Repeat every line of the data exactly, but not the pictures.

[DATASET CONTENT — start]

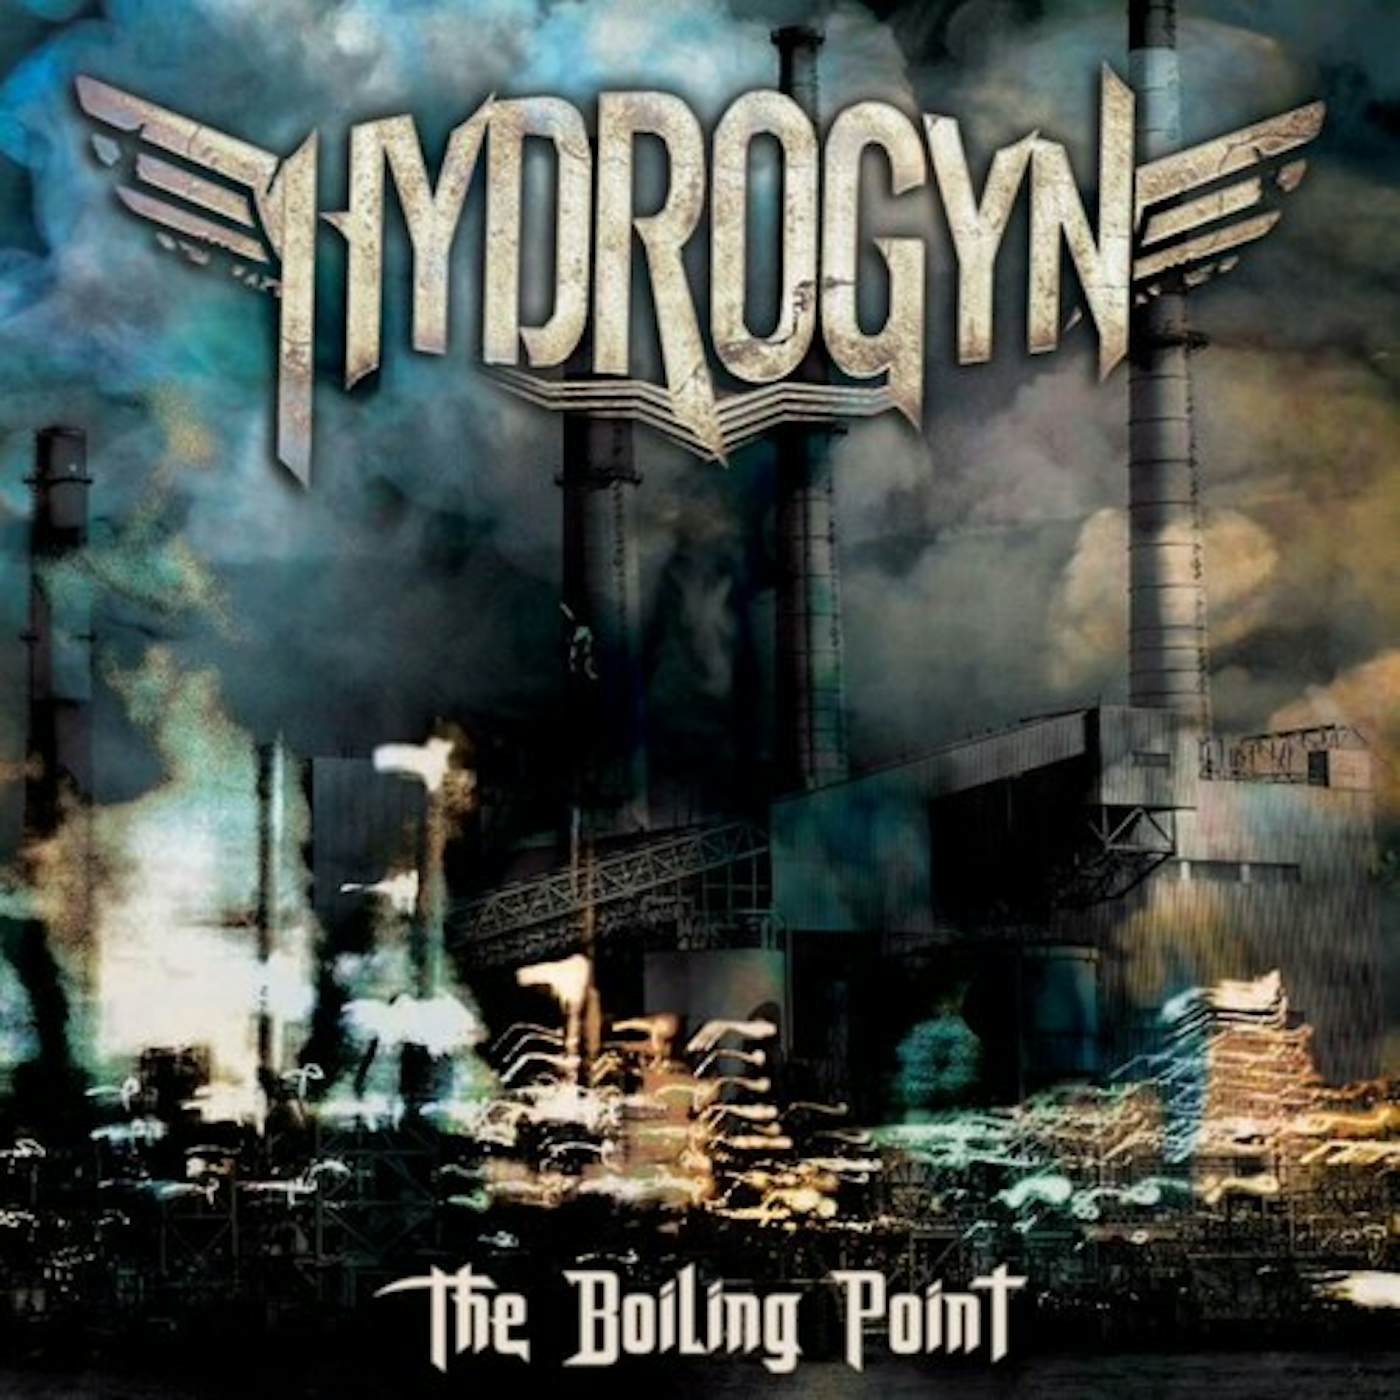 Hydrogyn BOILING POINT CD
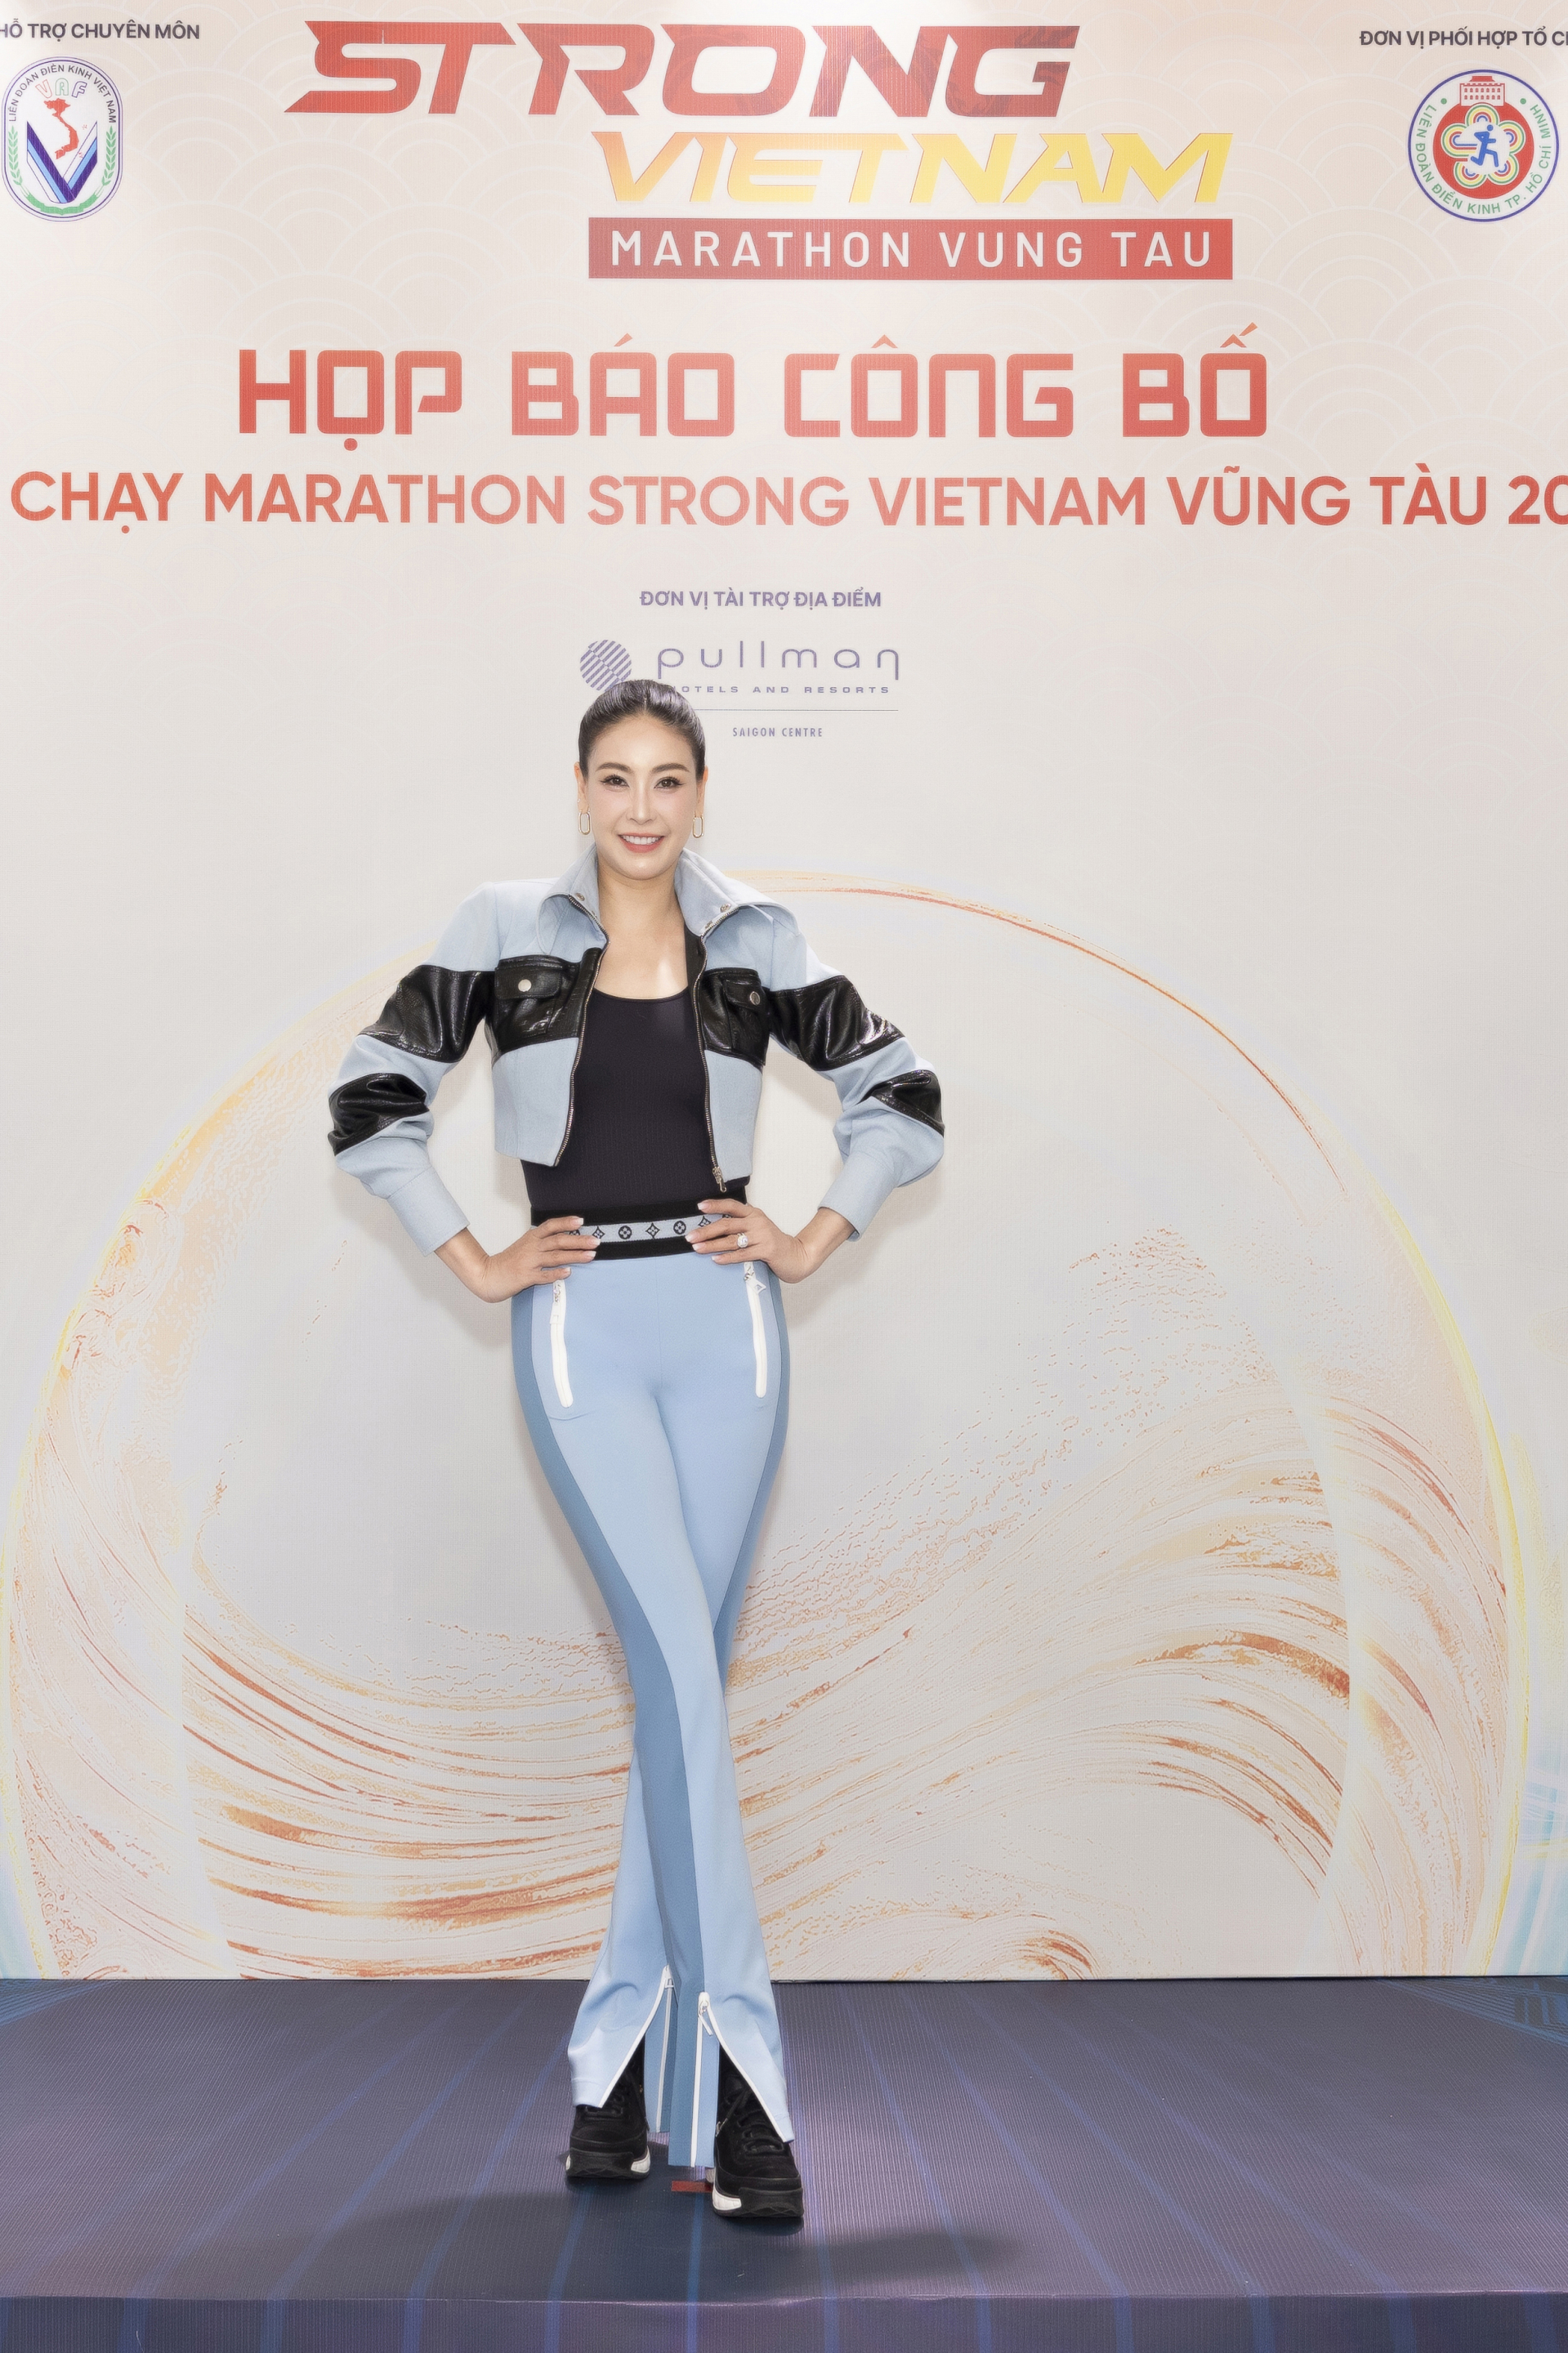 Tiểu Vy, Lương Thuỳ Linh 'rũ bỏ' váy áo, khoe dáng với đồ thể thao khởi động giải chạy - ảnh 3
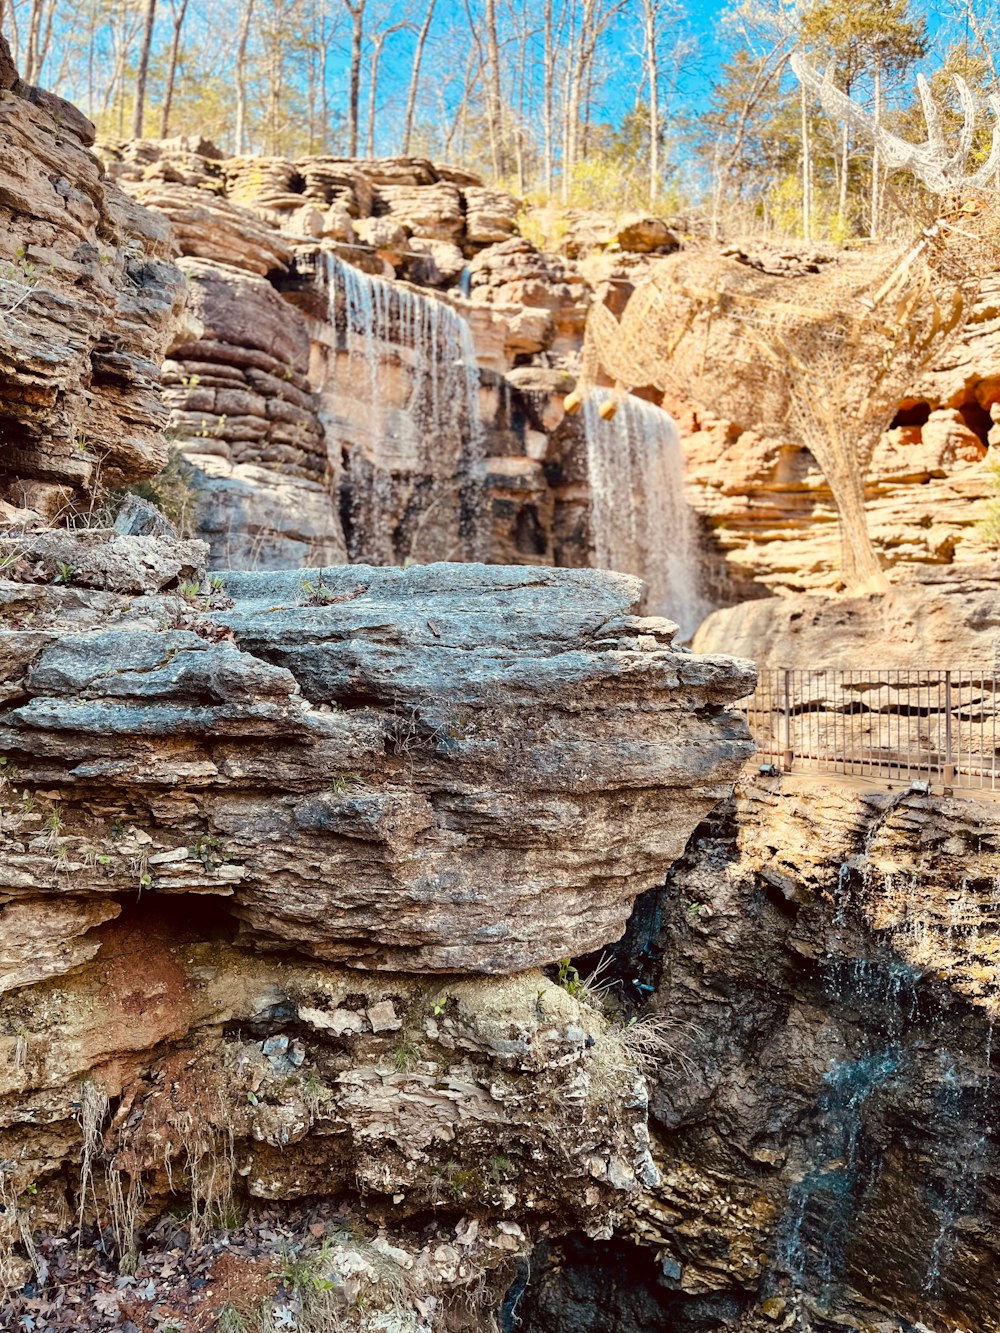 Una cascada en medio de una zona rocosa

[DATASET CONTENT — finish]

EXERCISE ANSWER:
 Hydrogyn BOILING POINT CD
 Tiểu Vy, Lương Thuỳ Linh 'rũ bỏ' váy áo, khoe dáng với đồ thể thao khởi động giải chạy - ảnh 3
 Una cascada en medio de una zona rocosa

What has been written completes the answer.